***** Data

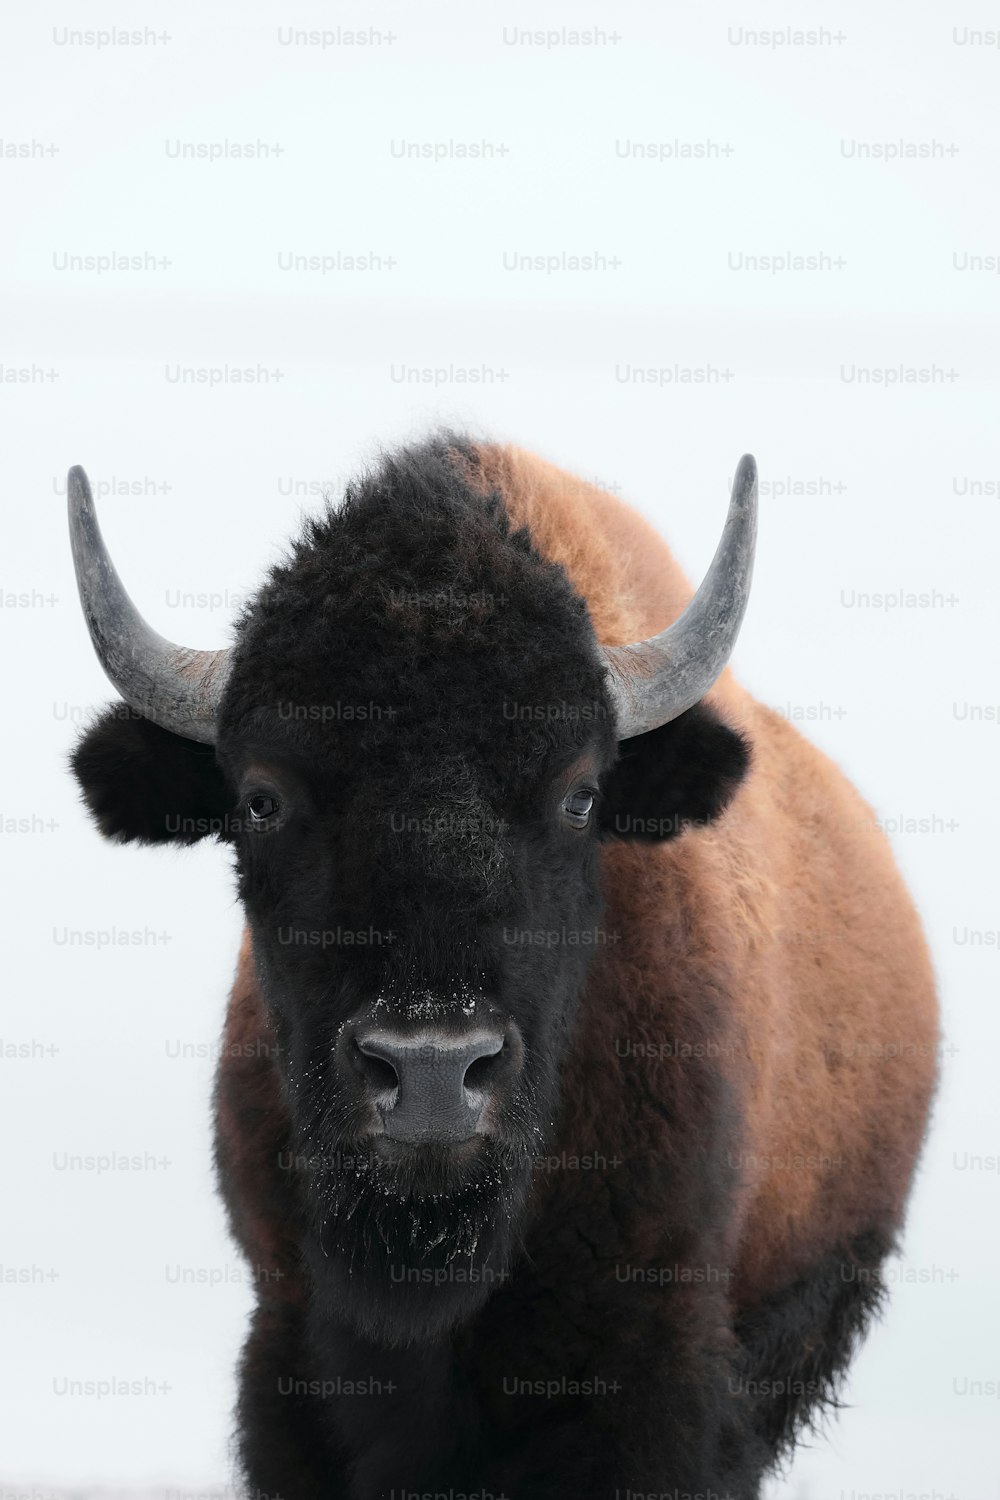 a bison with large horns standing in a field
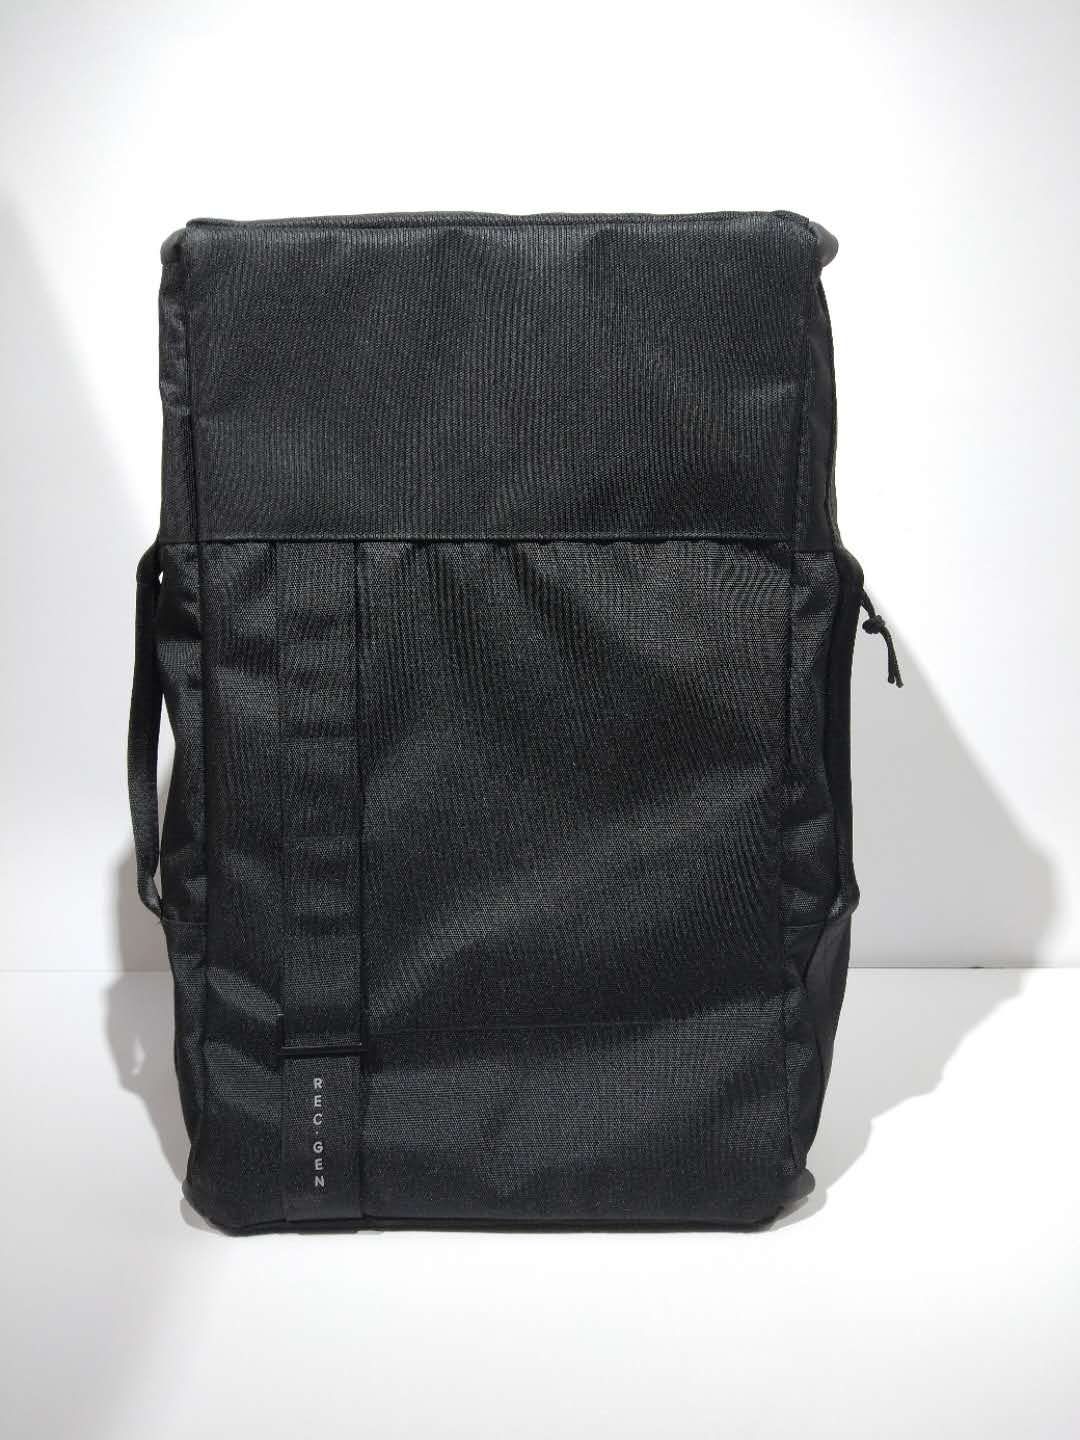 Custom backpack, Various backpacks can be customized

**********
***** Data

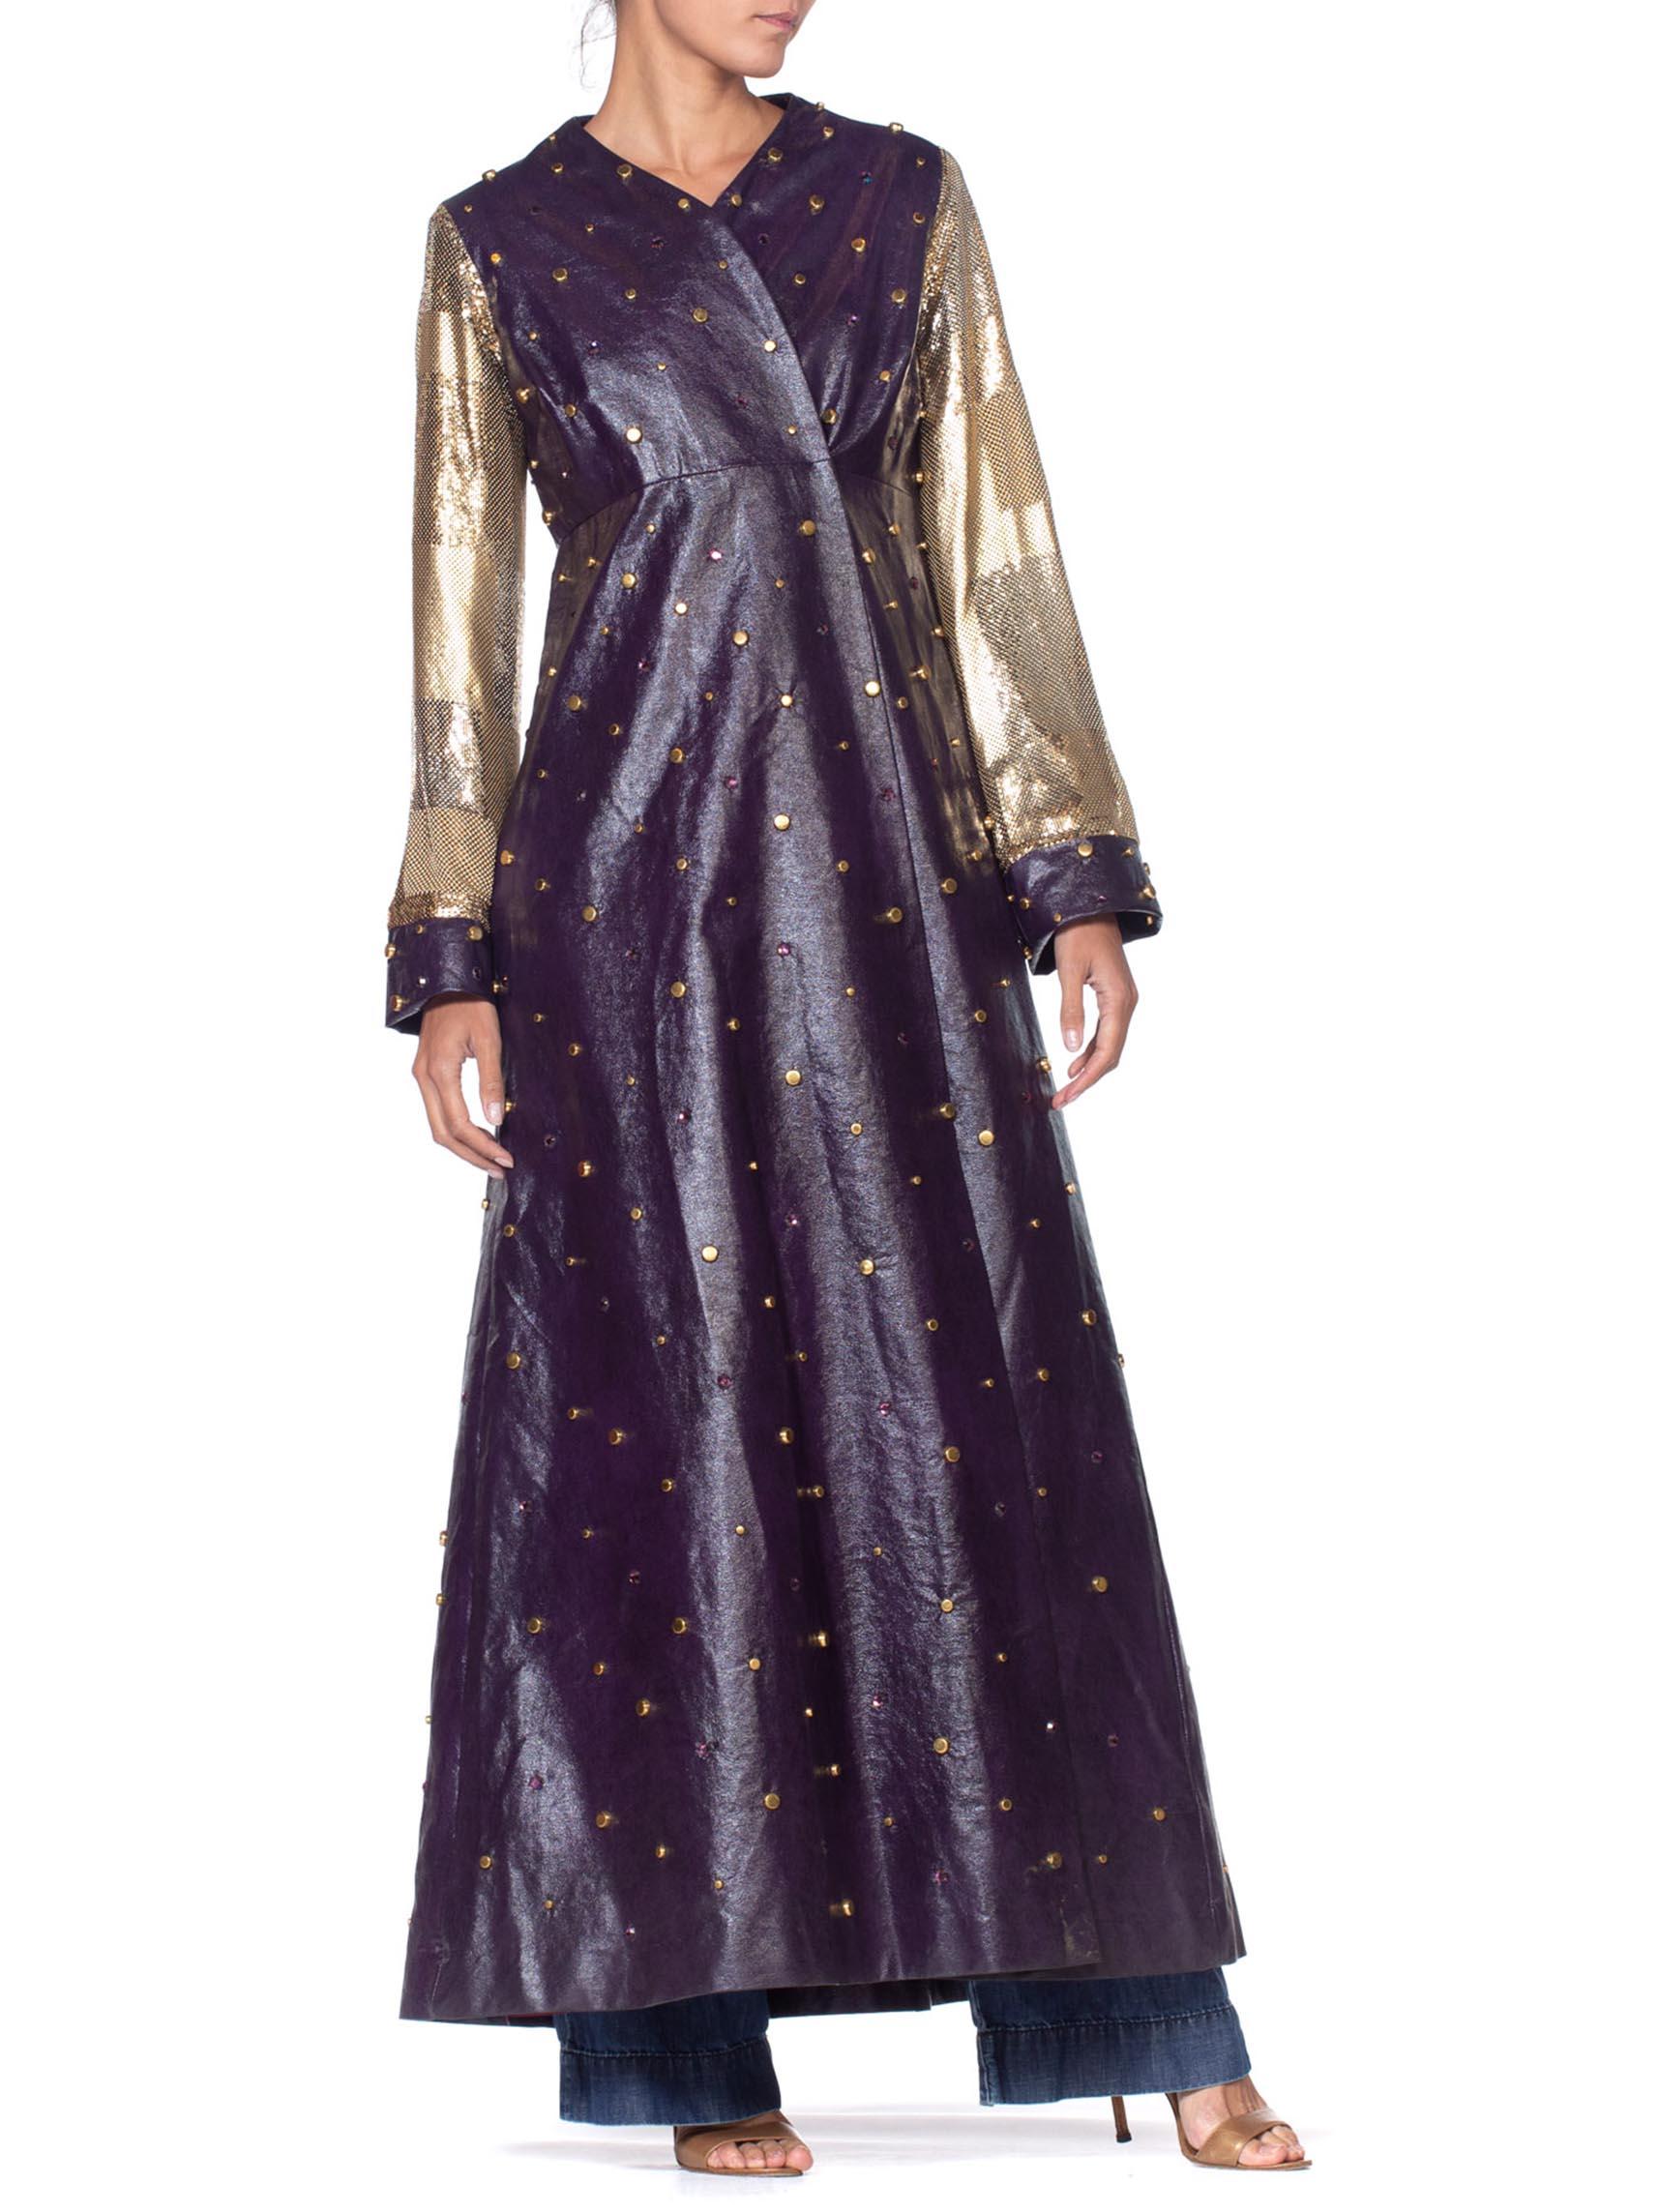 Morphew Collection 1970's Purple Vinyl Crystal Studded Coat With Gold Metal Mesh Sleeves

**********
***** Data

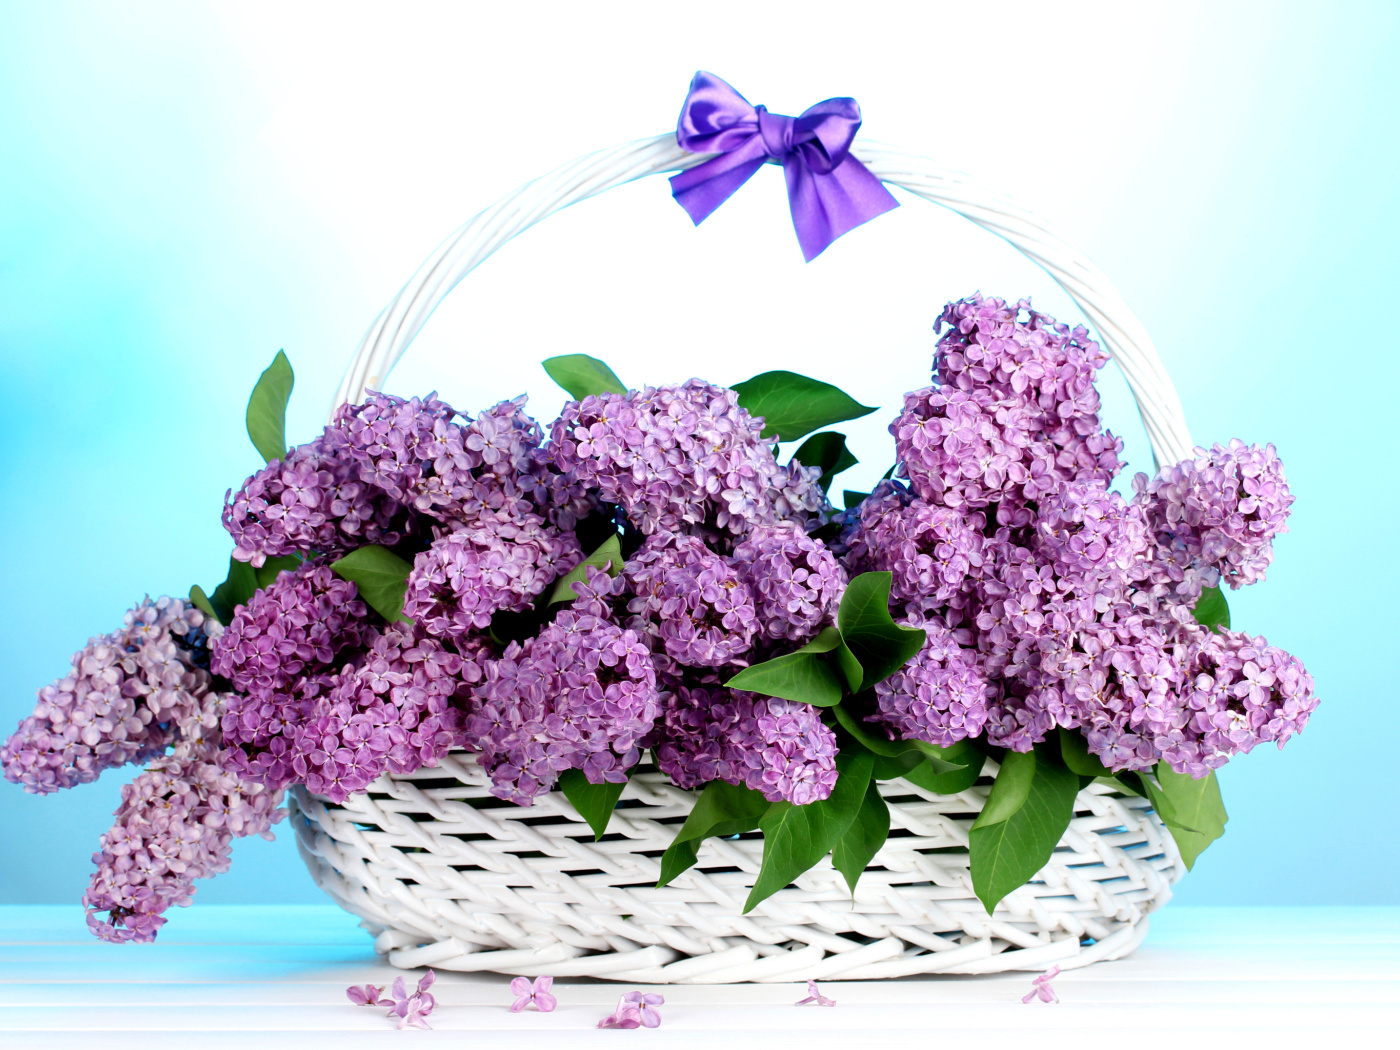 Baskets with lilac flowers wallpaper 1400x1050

**********

Only one stretch of the listing is wanted: the lines starting at the one with "a bison with large horns standing in a field" and ending at the one with "Custom backpack, Various", copied exactly and free of pictures.

§ **Solution below**:
 a bison with large horns standing in a field
 Custom backpack, Various backpacks can be customized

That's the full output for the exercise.